FWIW, I'll post a 1/3 octave pink noise response of my system in my room later on. Currently I have the NaO II set up since I have been experimenting on how to make it sound more like the Note and Note II.
I don't know . . . thus the question.
Regarding the room, I'd speculate that regardless overall absorption first reflections may favor the highs (look at the ceiling, and ceiling/wall corners). But I'm not suggesting that accounts for all, or even most, of it . . .
The fact that we are not sensitive to sound reflections below about 500 Hz means that there is little need for controlled directivity below that frequency. The directivity simply does not matter. Its fine if its narrower, like a dipole or a cardiod, but its effectiveness at those lower frequencies is not a major sound quality issue as it is at say 2 kHz where our auditory acuteness is extremely high.
Is the rising power response an issue? - well that's a different thing. Below the Schroeder frequency directivity and power response are all moot issues because its all modal anyways. Between say 200 Hz and 500 Hz is the rising power response an issue? I don't really know the answer to that one, but its such a small consideration in the big picture that I don't worry too much about it. I know of no psychoacoustics that could address this issue and no actual test data that is applicable either, other than we do not seem to have hearing that is very acute below 500 Hz. (not when compared to above that frequency).

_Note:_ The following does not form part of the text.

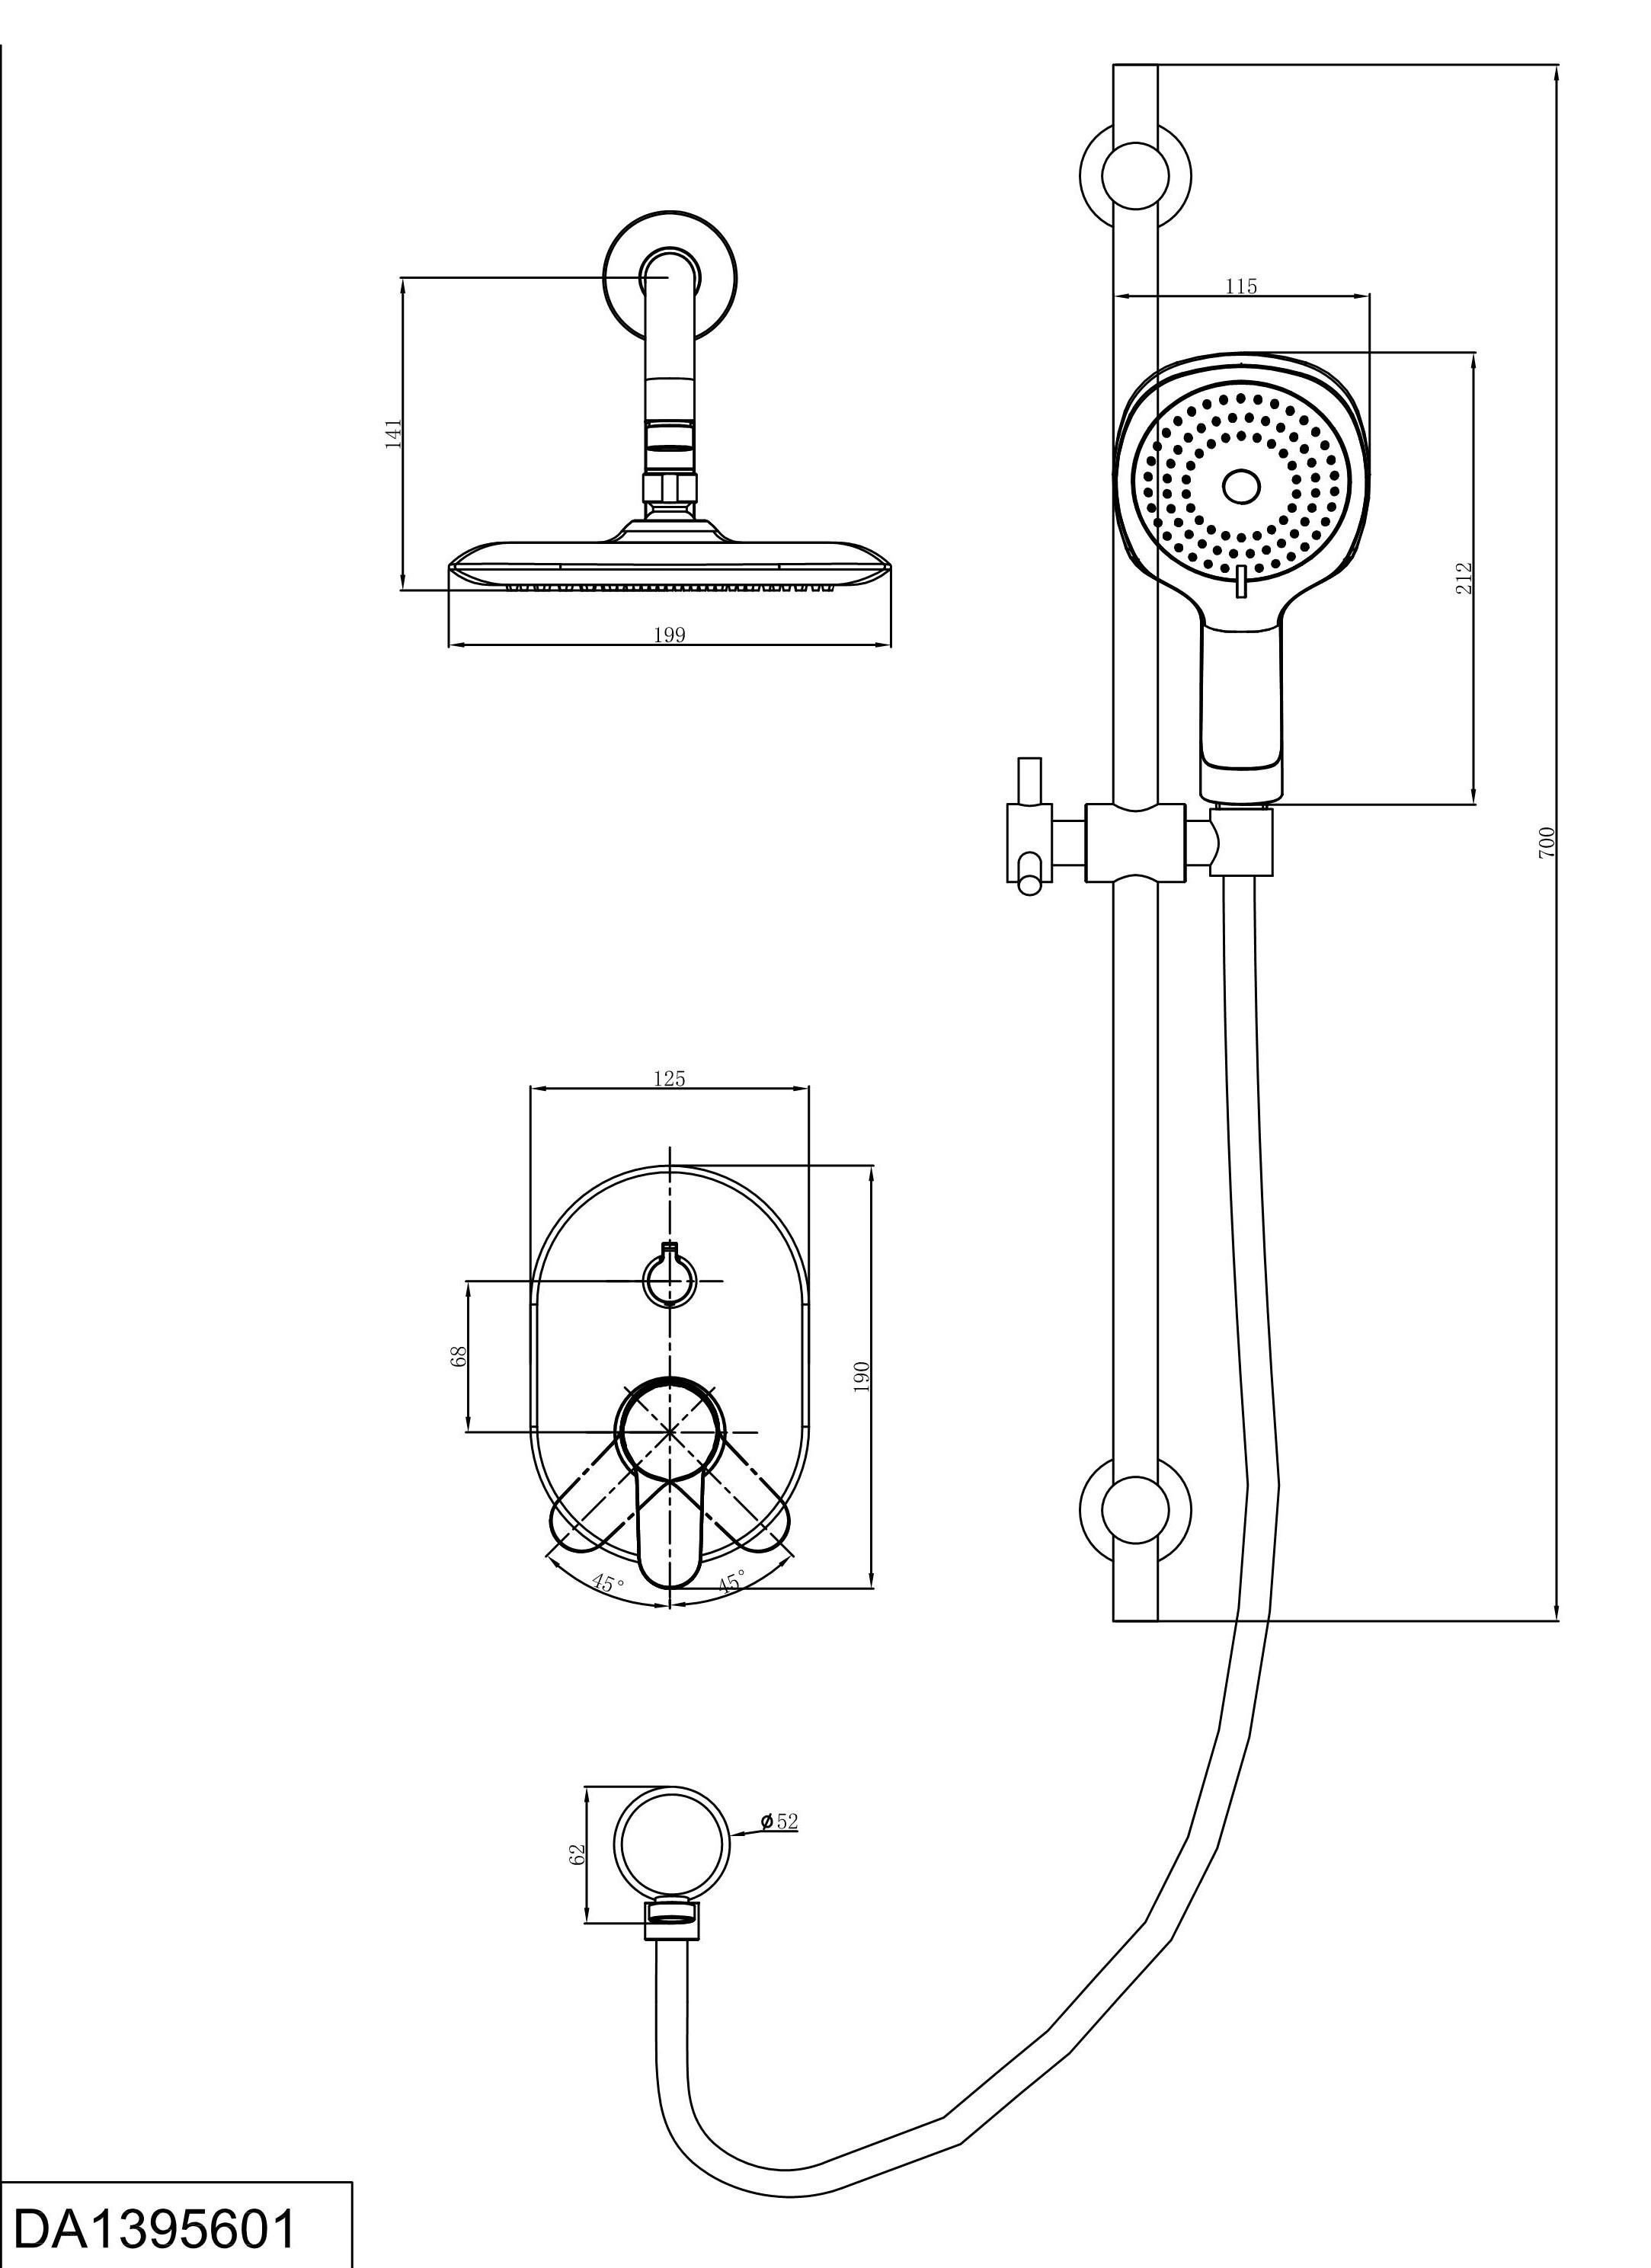 Смеситель для душа D&K Rhein.Marx DA1395601 встраиваемый хром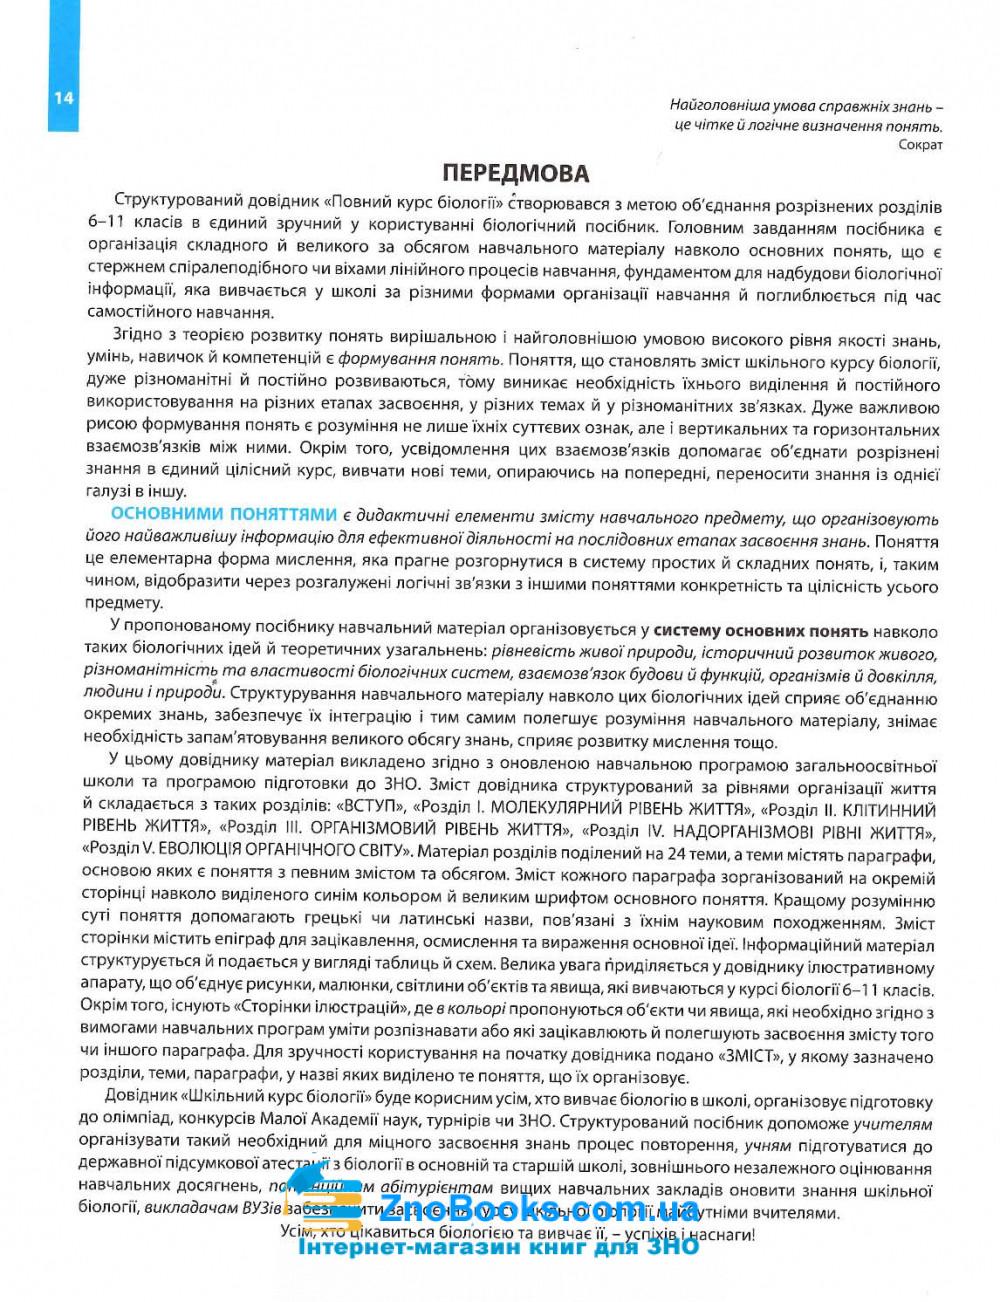 Довідник Соболь В. Повний курс біології для підготовки до ЗНО та ДПА 2021. 8

I have done designs that use dipoles to get a narrower directivity in the 200 - 500 Hz range but they never seemed practical enough to build. As a product they would be a dog because the costs would skyrocket. There are rational practical priorities to everything I am afraid.
The trouble with the direct radiator is that the transition of its directivity is not subtle, it is quite pronounced. With a CD speaker it can be made subtle. The direct radiator in a shallow waveguide seems to be a good compromise as just about everyone who is doing this has found (to wit the Behringer referenced in this thread). It still lacks the dynamics and power handling of a compression driver but does yield some of the directivity improvements.
Yes, we're in general agreement here (our last posts seem to have overlapped). The overall polar response of the speaker can, however, have significant impact on what the room reflects. It's why I equalized the rear tweeter differently from the front (on my ORION), and probably why I so hated the ribbon tweeter in the MGIII (which I more or less successfully "tamed" only by hanging strips of fiberglass insulation over the back of the speaker).
I'm still not quite convinced that's all there is to it, though, especially for orchestral recordings (where common microphone placement favors the highs) . . .
Are we not sensitive to the frequency response variations that go hand in hand with those reflections? Do you have actual data showing this lack of sensitivity? I understand the commercial impracticality, but a one-off for actual testing of the hypothesis is a different kettle of fish.
Sorry for my persistence about this, but I'm more of a data-driven rationalist than most, and want to understand exactly what objective data you're working from.
It's all about marketing semantics. There is no such data you are asking for.
Anyone who has experienced a high directivity speaker in 100-1kHz range in a small room will appreciate the benefits of it over low directivity speaker.
The fact that gedlee is not doing it is he cannot sell it.